Computational neuroanatomy of interoception.

The schematic above shows the form of the neuronal message passing implied by active inference for the generative model depicted in Fig 2. We have related this to the anatomical networks that could implement these inferences. The sensory observations in our simulations are visual and interoceptive (cardiac). These sensations are carried by cranial nerves II and IX respectively. Cranial nerve II targets the superior colliculus in the midbrain. This structure sends short latency visual data to the amygdala, which is well placed to make inferences about emotionally salient stimuli. The amygdala additionally receives downstream visual data from the ventral visual stream in the temporal lobe. Cranial nerve IX carries information from the carotid sinus baroreceptors to the nucleus tractus solitarus in the brainstem. This nucleus communicates with the posterior insula (via thalamic and PAG relays); the anterior cingulate monitors and controls the precision of this ascending visceral information via neuromodulation, possibly via feedback through noradrenergic pathways (not shown).

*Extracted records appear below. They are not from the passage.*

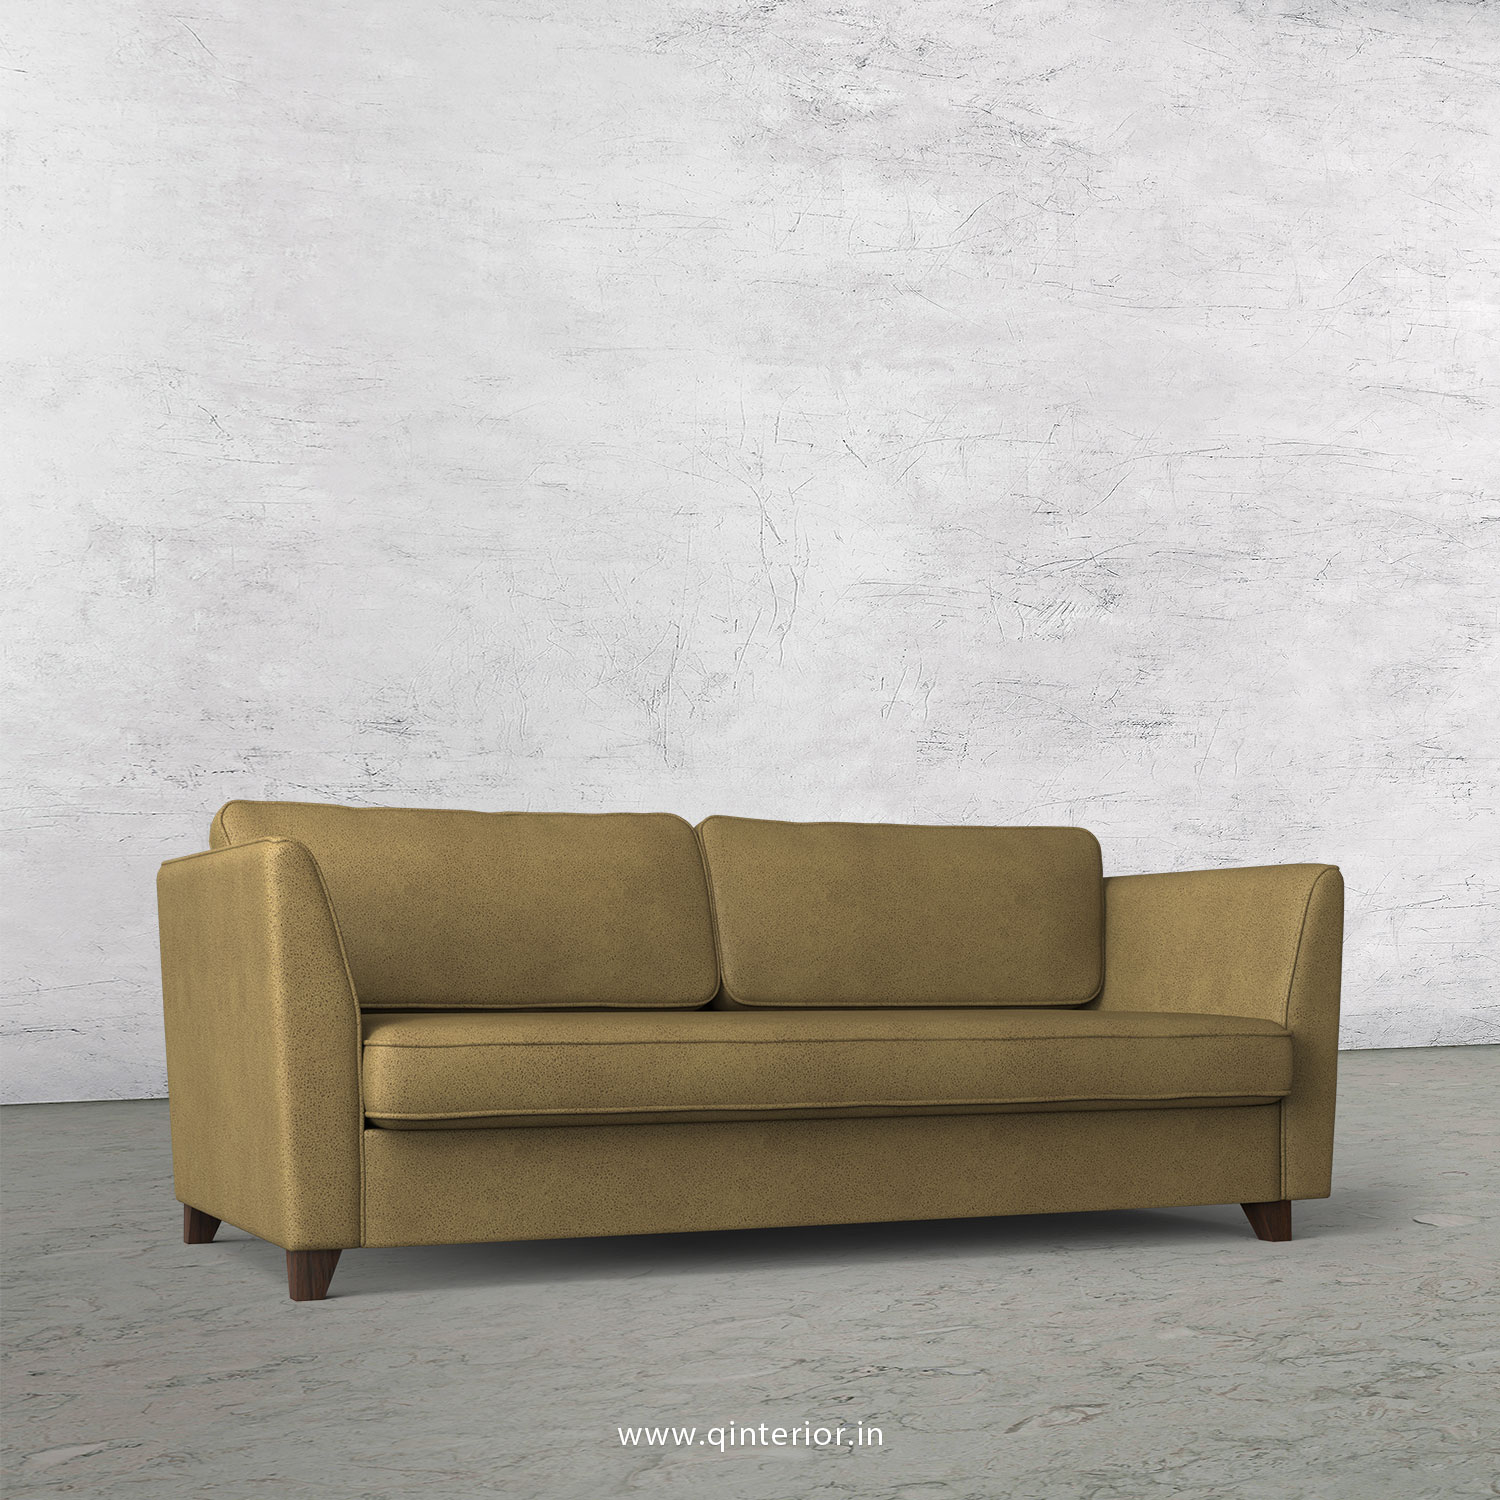 KINGSTONE 3 Seater Sofa in Fab Leather Fabric - SFA004 FL01
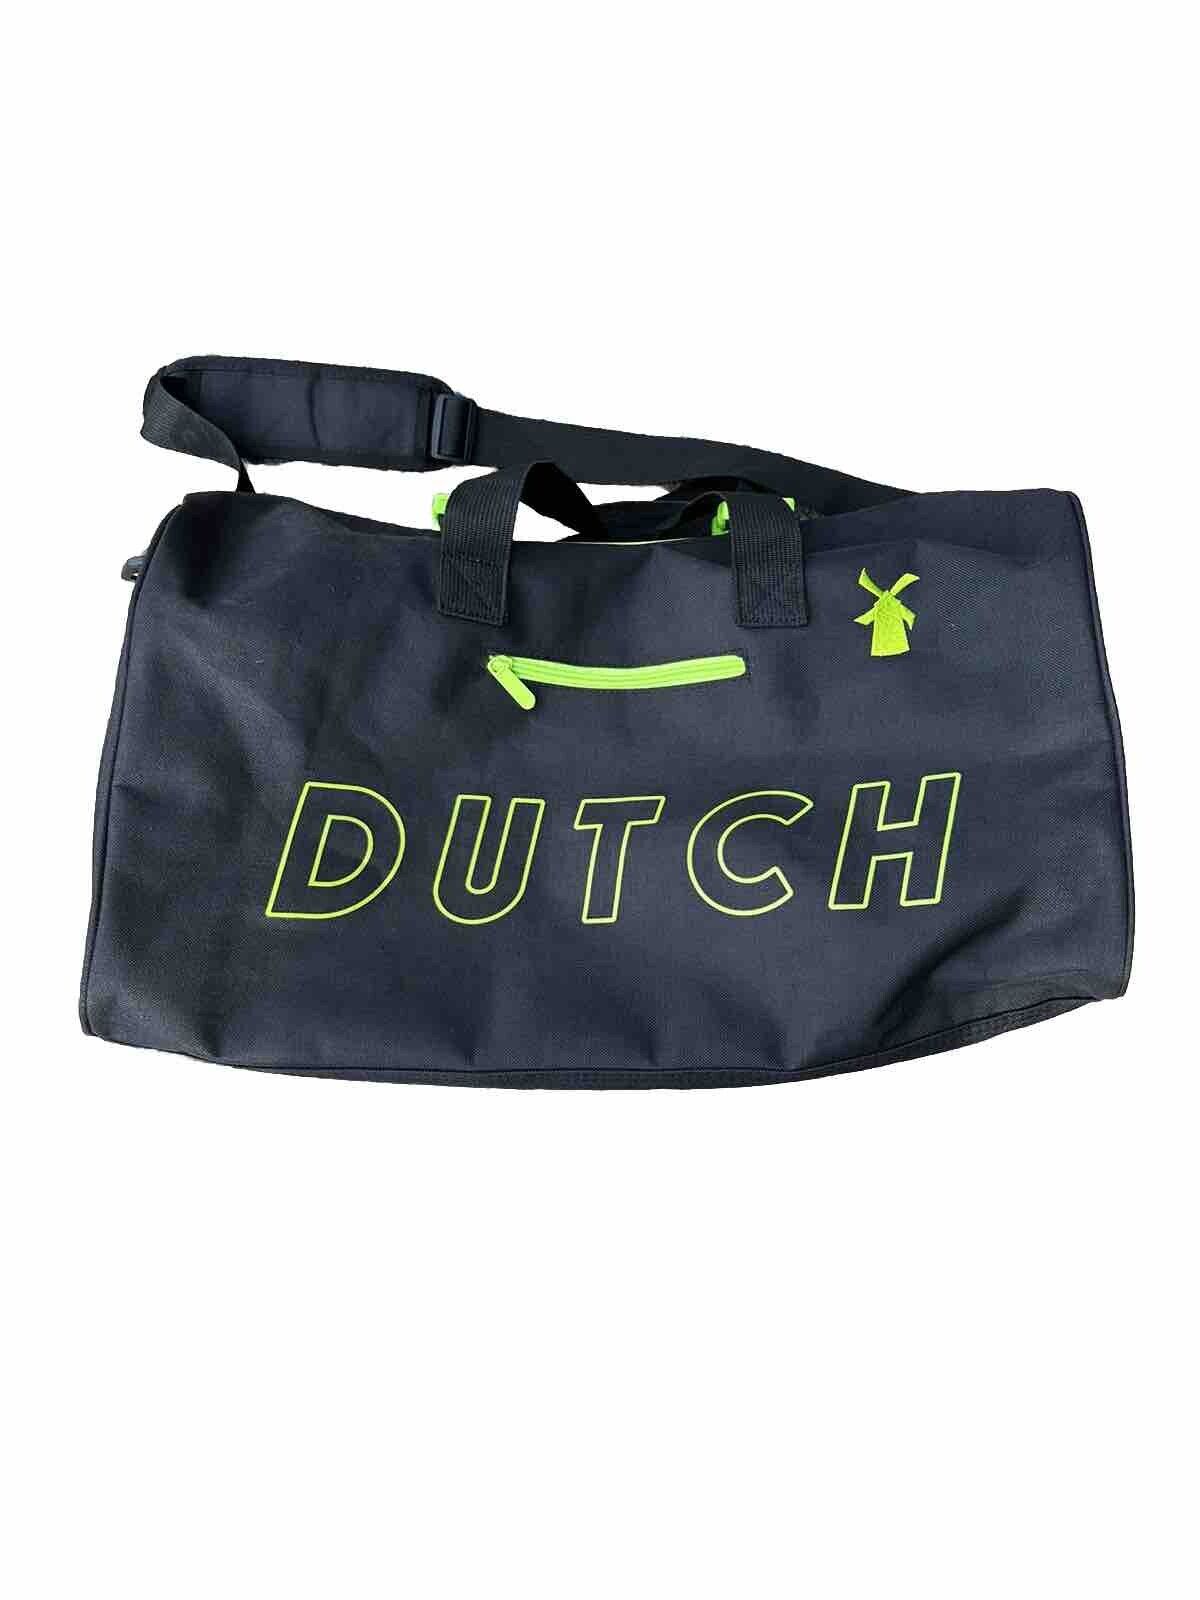 Vintage Dutch Bros Coffee Neon Green & Black Duffle Bag With Shoe Bag
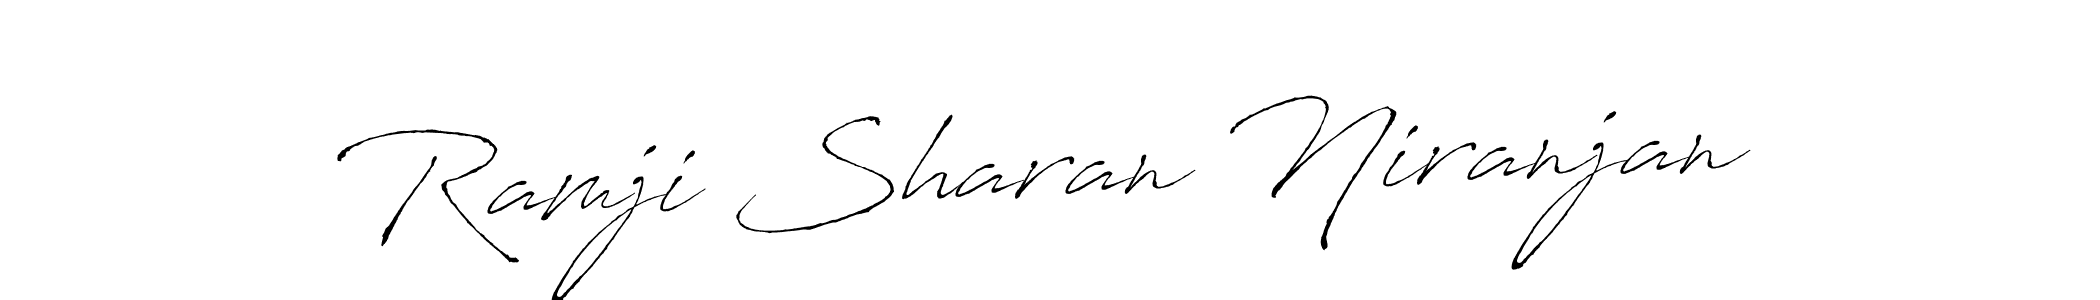 Make a beautiful signature design for name Ramji Sharan Niranjan. Use this online signature maker to create a handwritten signature for free. Ramji Sharan Niranjan signature style 6 images and pictures png

The posterior insula and amygdala interact with one another but also project to the anterior insula. This targets the nucleus ambiguus (via brainstem relays such as the periaqueductal gray), which gives rise to the vagus (X) nerve. The vagus nerve targets neurons in the cardiac plexus that project to both the sinoatrial node and the atrioventricular node of the heart, slowing its rhythm. The nucleus tractus solitarus additionally participates in a reflex loop implicating the sympathetic control of the cardiac cycle, but this is omitted for simplicity. The functional anatomy suggested here implies the anterior insula might play a similar computational role in autonomic policy selection to the basal ganglia in selection of policies involving the skeletal muscles [114]. Note that inscribed directed influences (blue arrows), are not assumed to be monosynaptic–for simplicity, many intermediary relay nodes have been omitted.